Meta Engineering

OCP Summit 2024: The open future of networking hardware for AI

thumbnail

Table of Contents

  1. Introduction
  2. DSF: Scheduled fabric that is disaggregated and open
  3. Switches for next-generation 400G fabrics
  4. Evolving FBOSS and SAI for DSF
  5. FBNIC: A multi-host foundational NIC designed by Meta

Introduction

At Open Compute Project Summit (OCP) 2024, Meta is sharing details about the next-generation network fabric for AI training clusters. With a focus on openness and collaboration, Meta has expanded their network hardware portfolio to contribute new disaggregated network fabrics and a NIC to OCP.

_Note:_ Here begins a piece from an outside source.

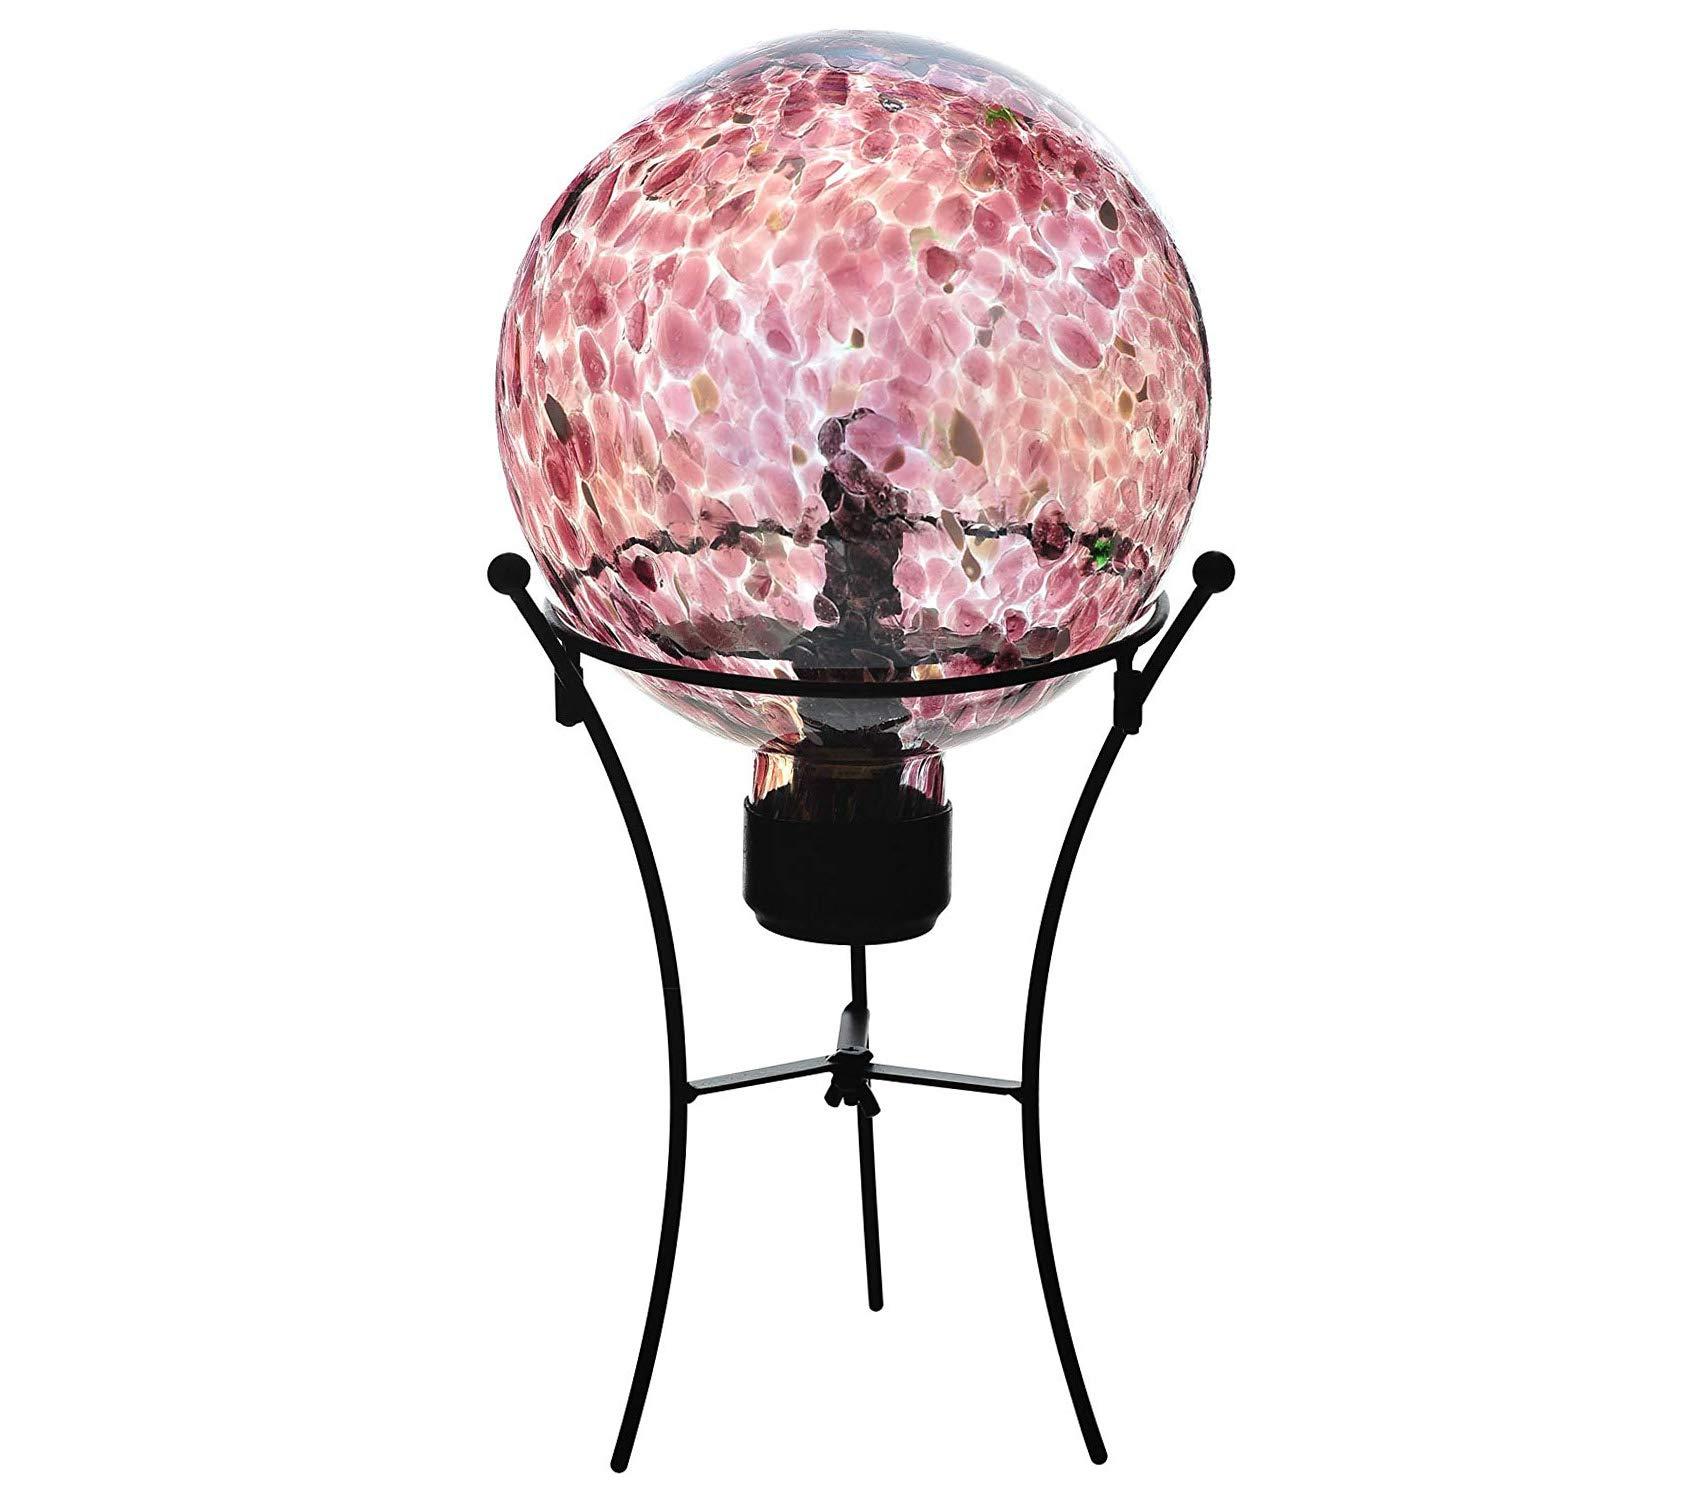 Outdoor Garden Backyard Décor Purple Glass Solar Gazing Ball LED Insert and Wire St, 8 Inch

DSF: Scheduled fabric that is disaggregated and open

Meta has developed a Disaggregated Scheduled Fabric (DSF) for their AI clusters, promoting open, vendor-agnostic systems with interchangeable building blocks. DSF extends disaggregation to VoQ-based switched systems powered by OCP-SAI standard and FBOSS, enhancing network performance for high-bandwidth AI clusters.

7700R4C-38PE: DSF Leaf Switch

  • Broadcom Jericho3-AI based
  • 18 x 800GE OSFP800 host ports
  • 20 x 800Gbps fabric ports
  • 14.4Tbps wirespeed performance

7720R4-128PE: DSF Spine Switch

  • Broadcom Ramon3 based
  • 128 x 800Gbps fabric ports
  • 102.4Tbps wirespeed performance
  • Accelerated compute optimized pipeline

Switches for next-generation 400G fabrics

Meta will deploy two 400G fabric switches, Minipack3 and Cisco 8501, which are backward compatible and support upgrades to 400G and 800G, with reduced power consumption per bit.

Evolving FBOSS and SAI for DSF

Meta continues to leverage OCP-SAI to integrate new network fabrics, switch hardware, and optical transceivers into FBOSS, fostering collaboration and innovation within the industry.

FBNIC: A multi-host foundational NIC designed by Meta

Meta has designed the ASIC for FBNIC, a foundational NIC supporting up to four hosts with complete datapath isolation for each host. The FBNIC driver has been upstreamed to the v6.11 kernel, aligning with Meta's vision of scalable, open, and collaborative AI hardware systems.